▶ **WHAT YOU NEED TO DO**:
Skip the pictures. Output only the lines below starting at the line with "フェアファクス FAIRFAX ネクタイ" and ending at the line with "Nivia New Dragon Sports Glovem", both ends included, exactly as they are.

▶ **DATA PROVIDED**:

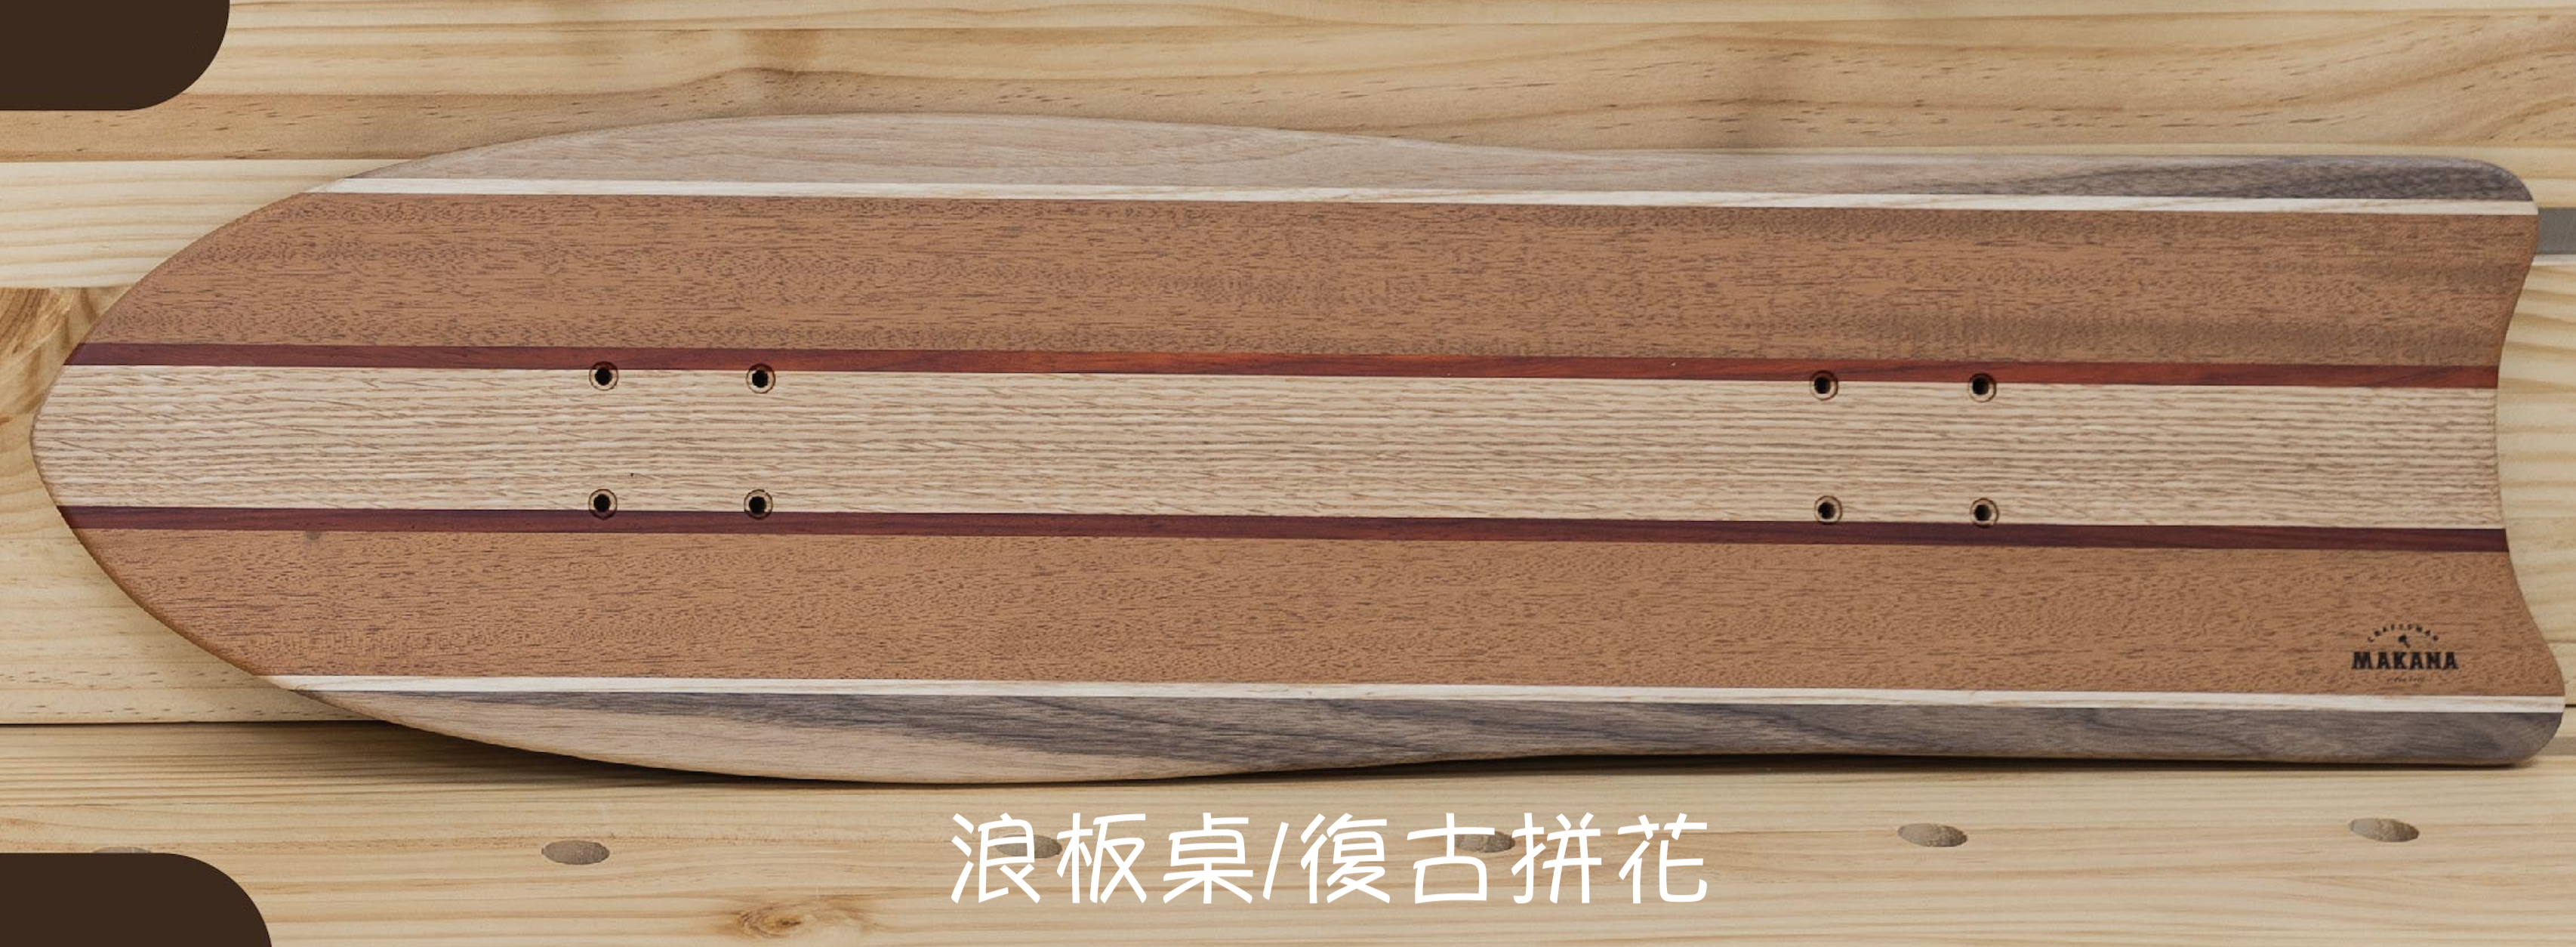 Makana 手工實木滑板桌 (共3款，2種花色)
---
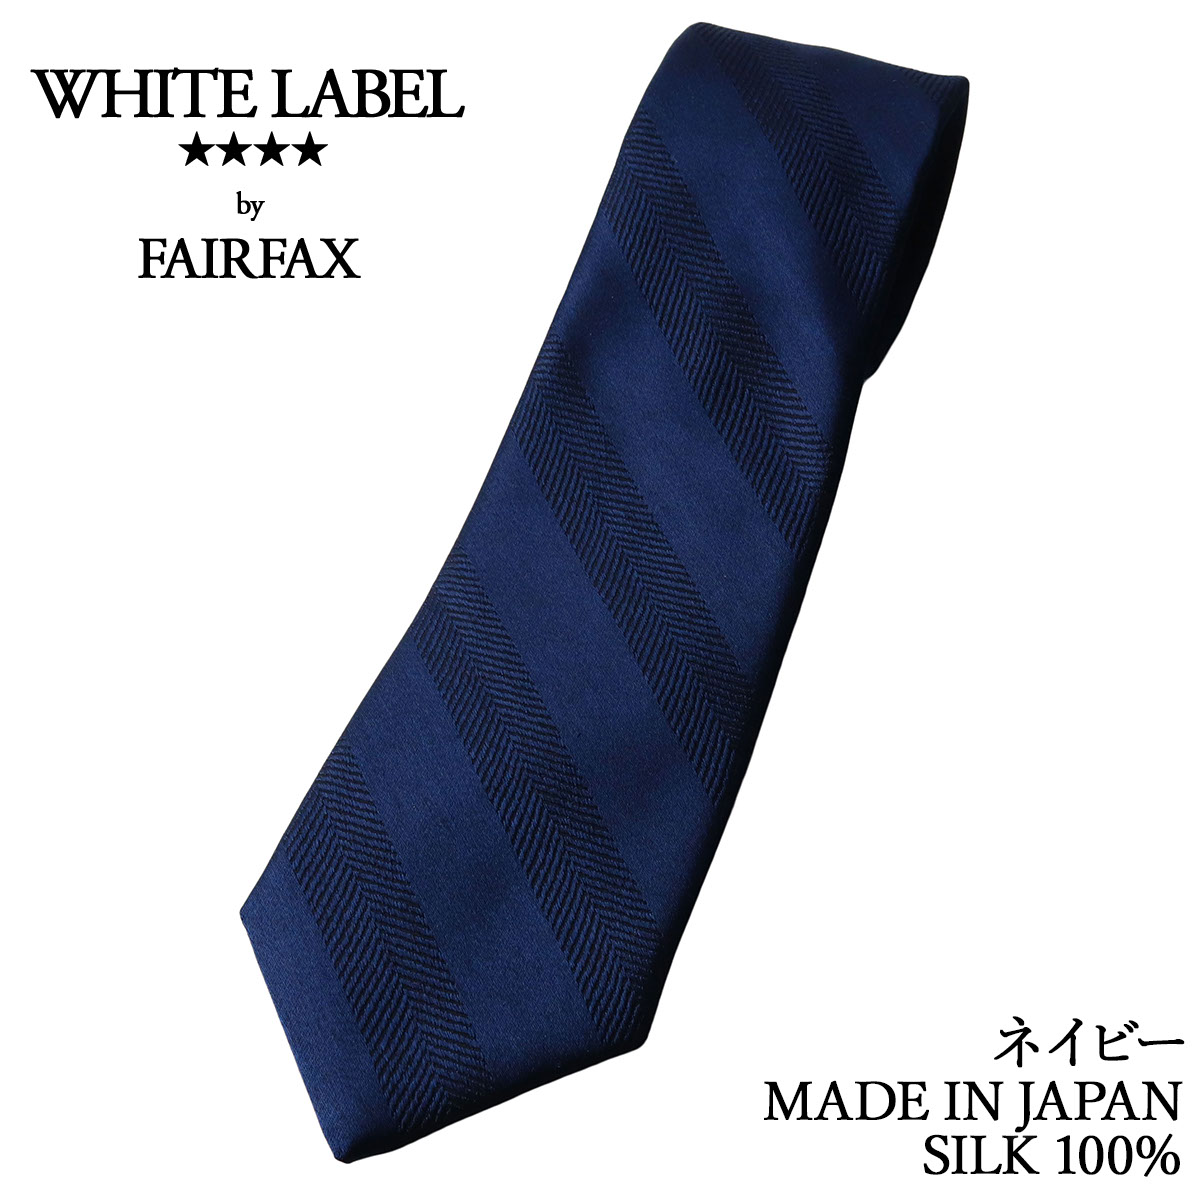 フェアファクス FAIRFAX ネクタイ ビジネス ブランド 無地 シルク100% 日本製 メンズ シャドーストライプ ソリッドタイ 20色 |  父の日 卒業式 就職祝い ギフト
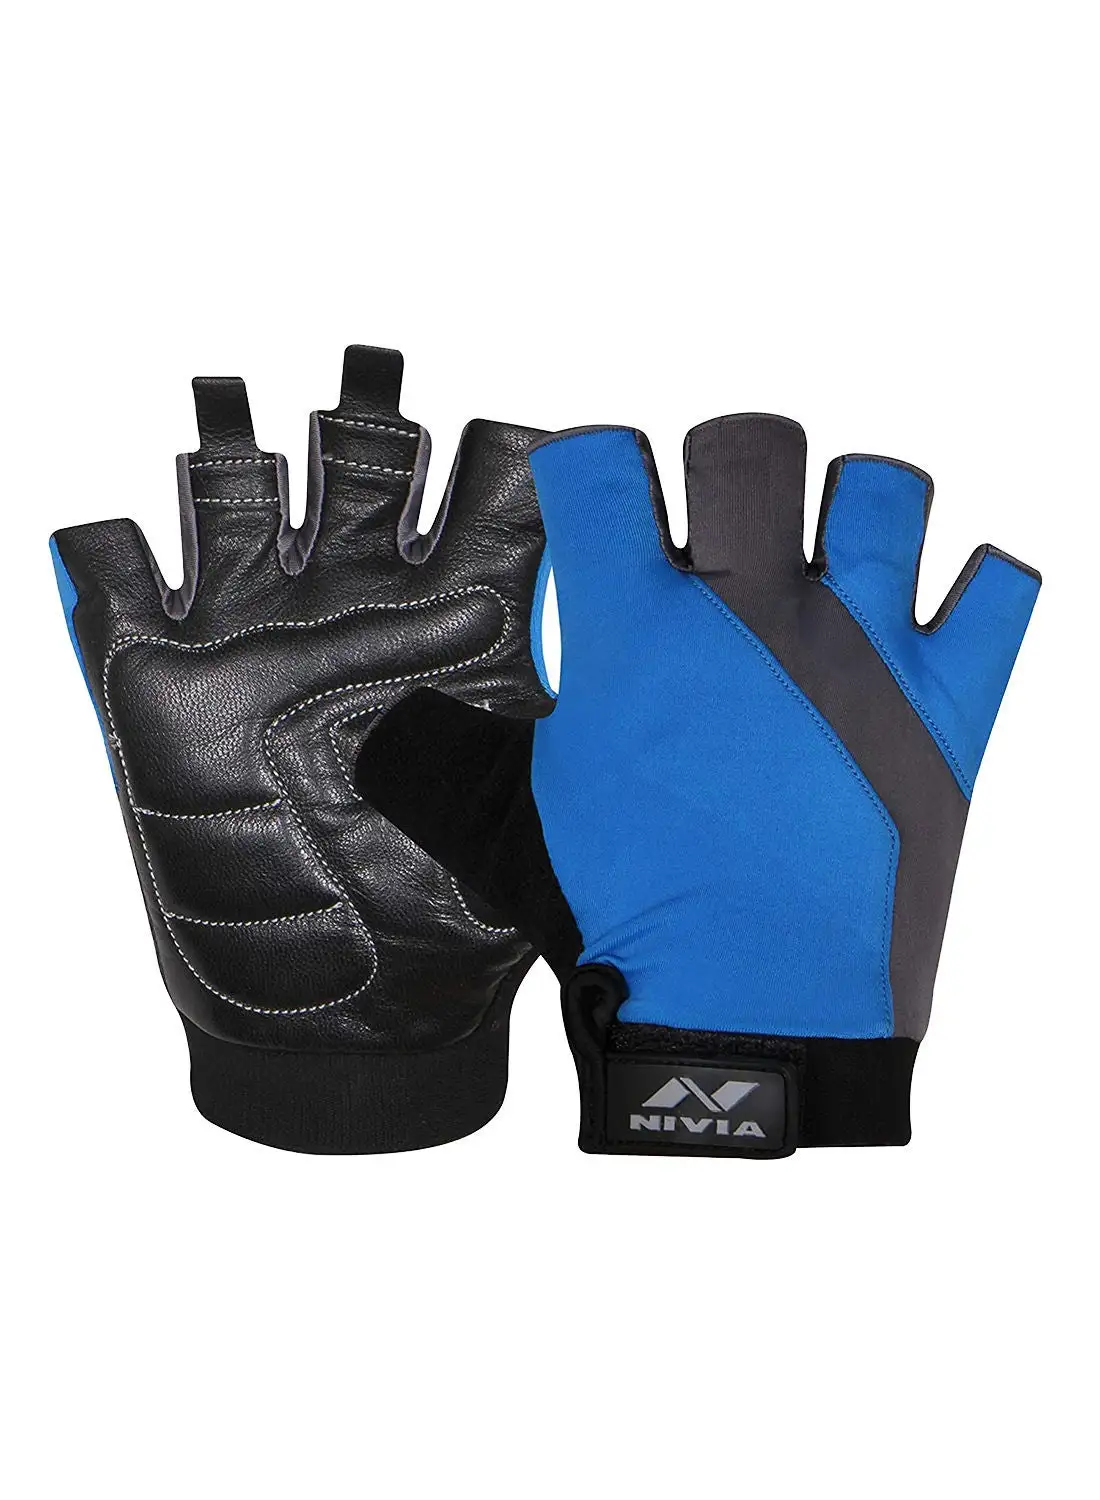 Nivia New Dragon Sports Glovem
--
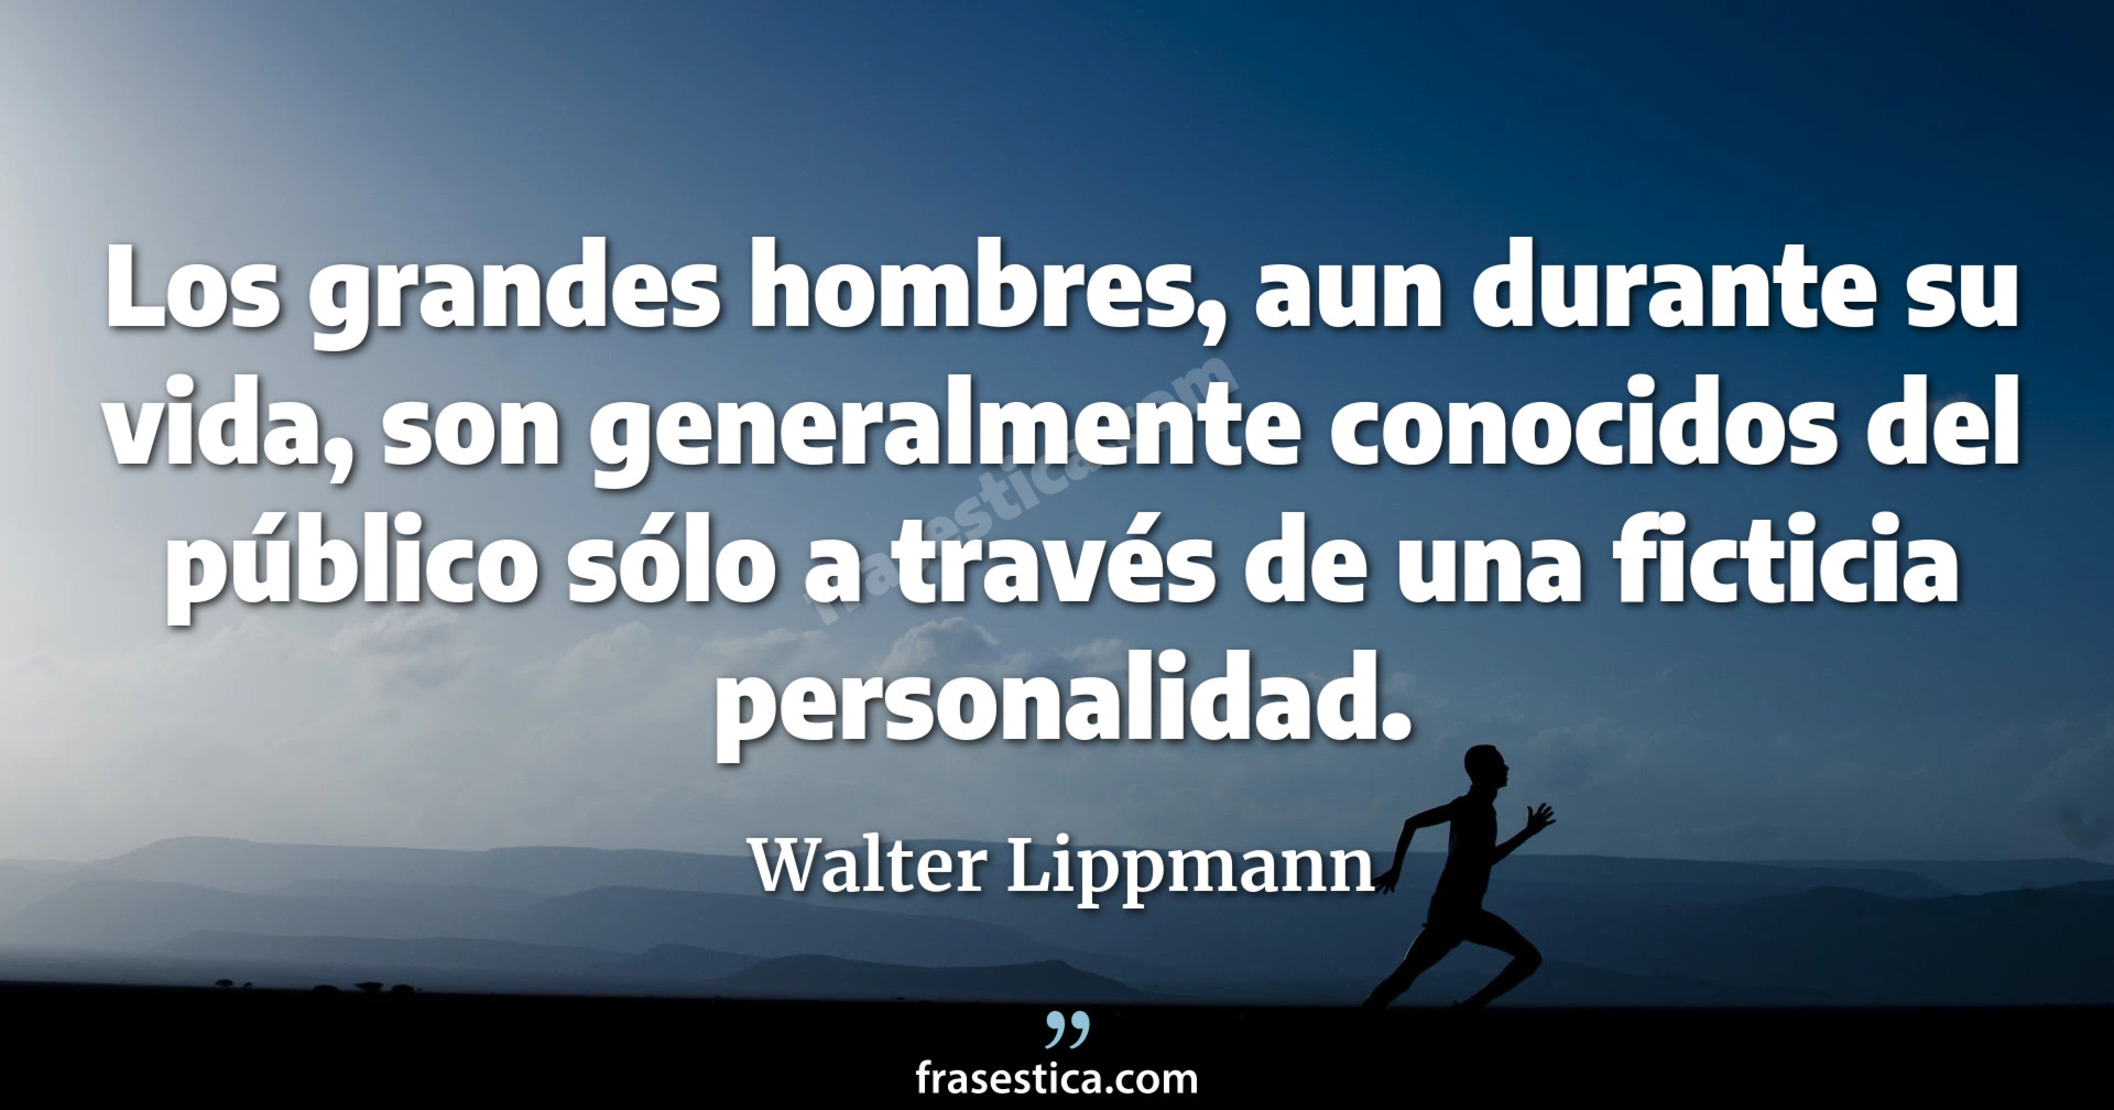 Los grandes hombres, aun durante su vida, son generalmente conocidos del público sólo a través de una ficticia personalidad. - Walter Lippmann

▶ **RESULT FOR THIS TASK**:
 フェアファクス FAIRFAX ネクタイ ビジネス ブランド 無地 シルク100% 日本製 メンズ シャドーストライプ ソリッドタイ 20色 |  父の日 卒業式 就職祝い ギフト
 Nivia New Dragon Sports Glovem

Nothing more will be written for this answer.